Solved: SAN Client: ARCHIVE Python device disappears

rizwan84tx · ‎03-01-2012

Hi All,

Recently; i've been experiancing issues in a SAN client. Let me explain how its all setup,

San Client: Windows 2008 R2 EE, on QLE2462.

FT Media Server: RHEL 5.5 x64, targer HBA on QLE2462

Zoning: WWPN of one port in SAN Client is zoned to both target HBA port's WWPN.

Master Server: Windows 2008 R2 EE

Initially 4 ARCHIVE Python device were showing up in the client device manager and backups were running fine. Now, i see the ARCHIVE Python devices disappering most of the time. Its unusual, that sometimes i see 4 ARCHIVE Python devices and then they decrease to 3 or 2 and so on; also i do see SCSI devices (attached the screen shot). I can feel that you may question on Zoning, i did get same thought and checked there were no changes in zoning.

I checked the FT target device state, they are active and FT service are running.

[root@FTSERVER admincmd]# ./nbftconfig -listtargets

m FTSERVER

d 0 0 w # active FABRIC QLE246x Series FC Hba Qlogic

d 0 1 w # active FABRIC QLE246x Series FC Hba Qlogic

d 1 0 w # active FABRIC QLE246x Series FC Hba Qlogic

d 1 1 w # active FABRIC QLE246x Series FC Hba Qlogic

Tried re-installing the FT media server too, but nothing changed. The SAN Client's HBA drivers are latest. I Suspect something has gone wrong in the Clients Operating system and would want to find what went wrong.

Any inputs by you experts is highly appreciated.

-Rizwan

Mark_Solutions · ‎03-02-2012

You have either a faulty HBA, faulty cables, a bad switch or a bad library - but somethiung is sending resets to the device and then it shows as being in use

You need to see if you can get logs from everything to see if you can pin it down.

There are setting on some switches that can cause a reset as well as on the HBA itself.

Also worth checking your media servers for ophaned bptm processes that can be causing issues in view of the "resource is in use comment" - this is what you get when Removable Storage Service or TUR has not been dealt with but also when bptm / bpbrm processes have been orphaned.

Are you sure nothing else is zoned to it that shouldn't be?.

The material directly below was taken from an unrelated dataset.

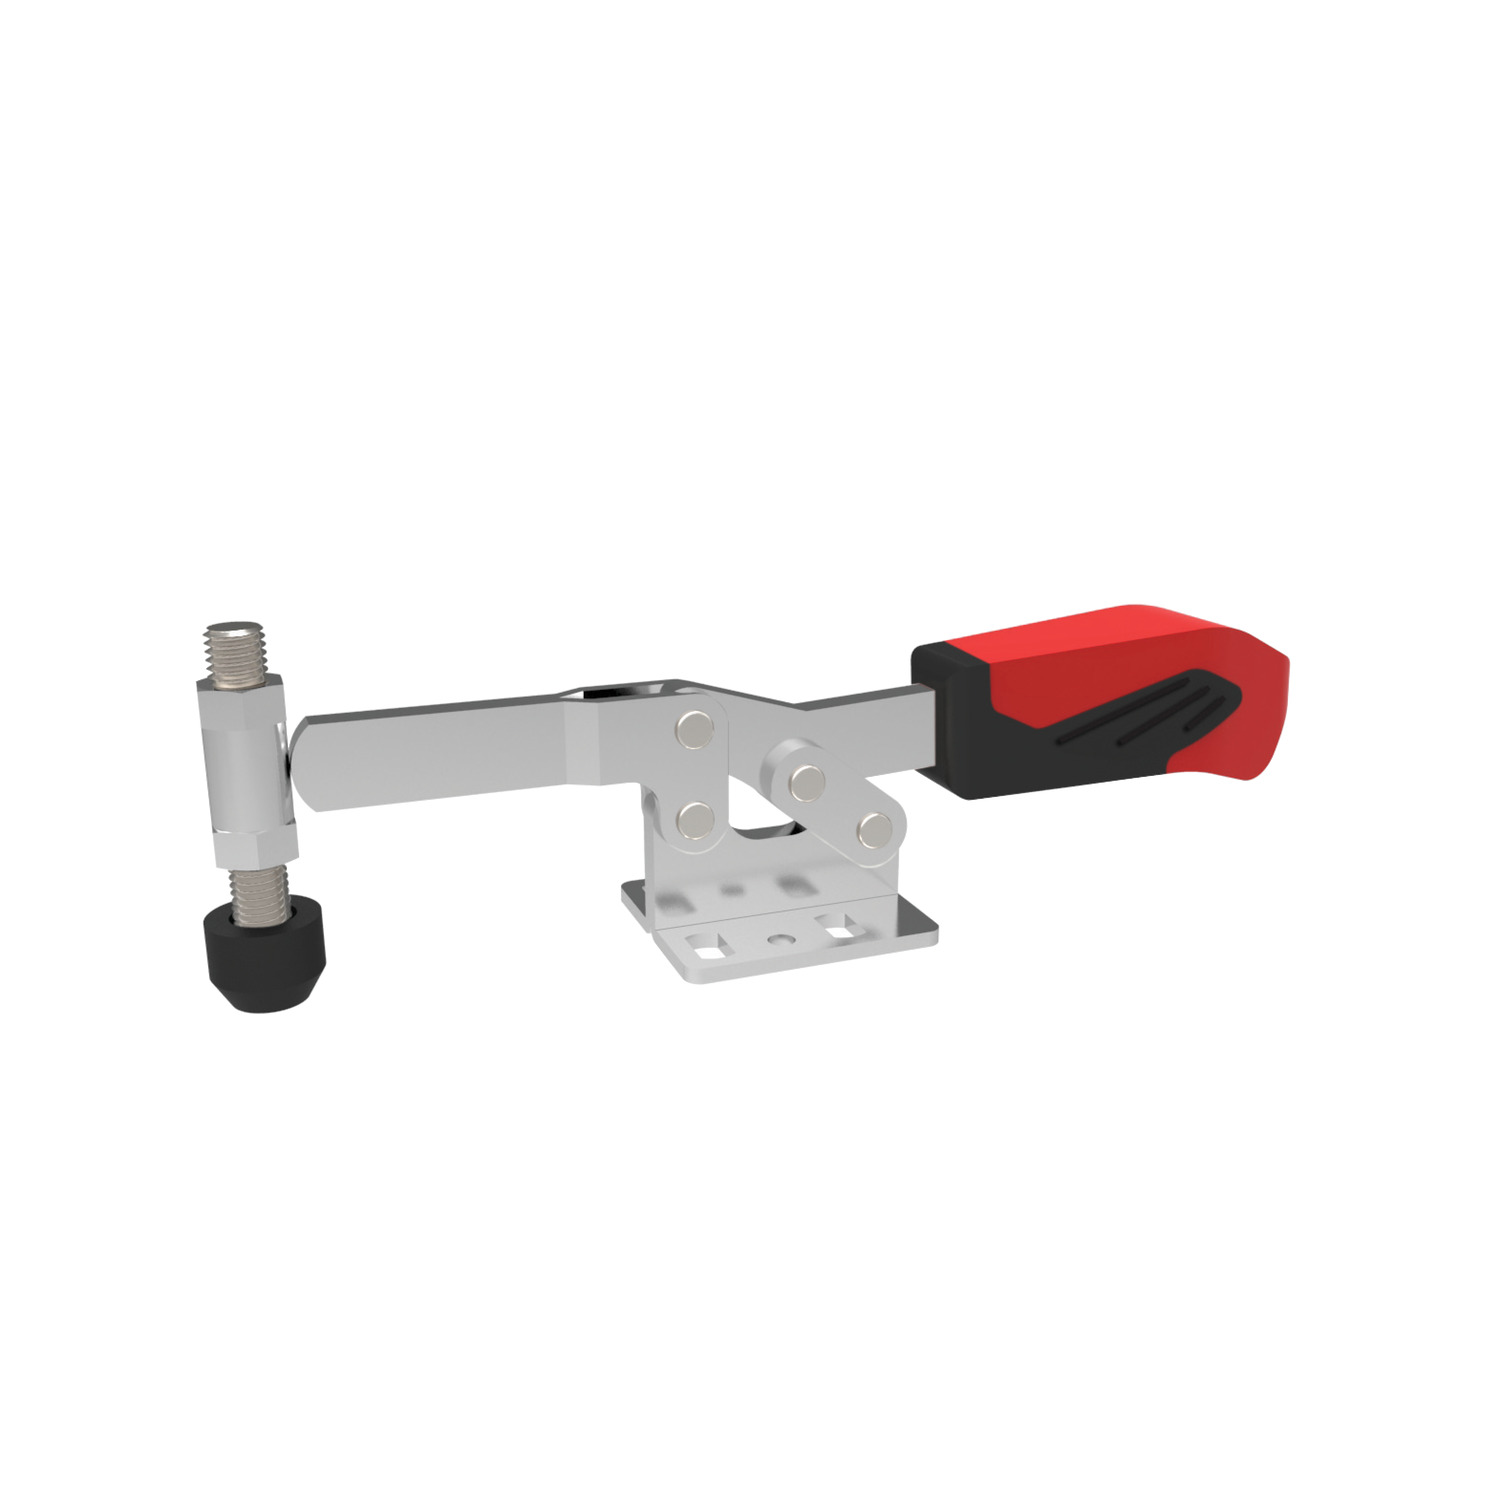 41030 Horizontal Acting Toggle Clamps

View solution in original post

Mark_Solutions · ‎03-01-2012

Windows 2008 doesn't have the Removable Storage Service installed by default but check that it does not have it and if it does stop and disable it as this will take the drives away from NetBackup.

Next make sure that Windows is not interferring with the tape drives via its drivers by disabling the Windows Tape Unit Ready commands - see this tech note:

http://support.microsoft.com/kb/842411

This applies in the same way to all Windows versions

rizwan84tx · ‎03-01-2012

Mark,

There is no Removable Storage Service; i have disabled TUR as per the MS technote and rebooted the client. The issue still persists.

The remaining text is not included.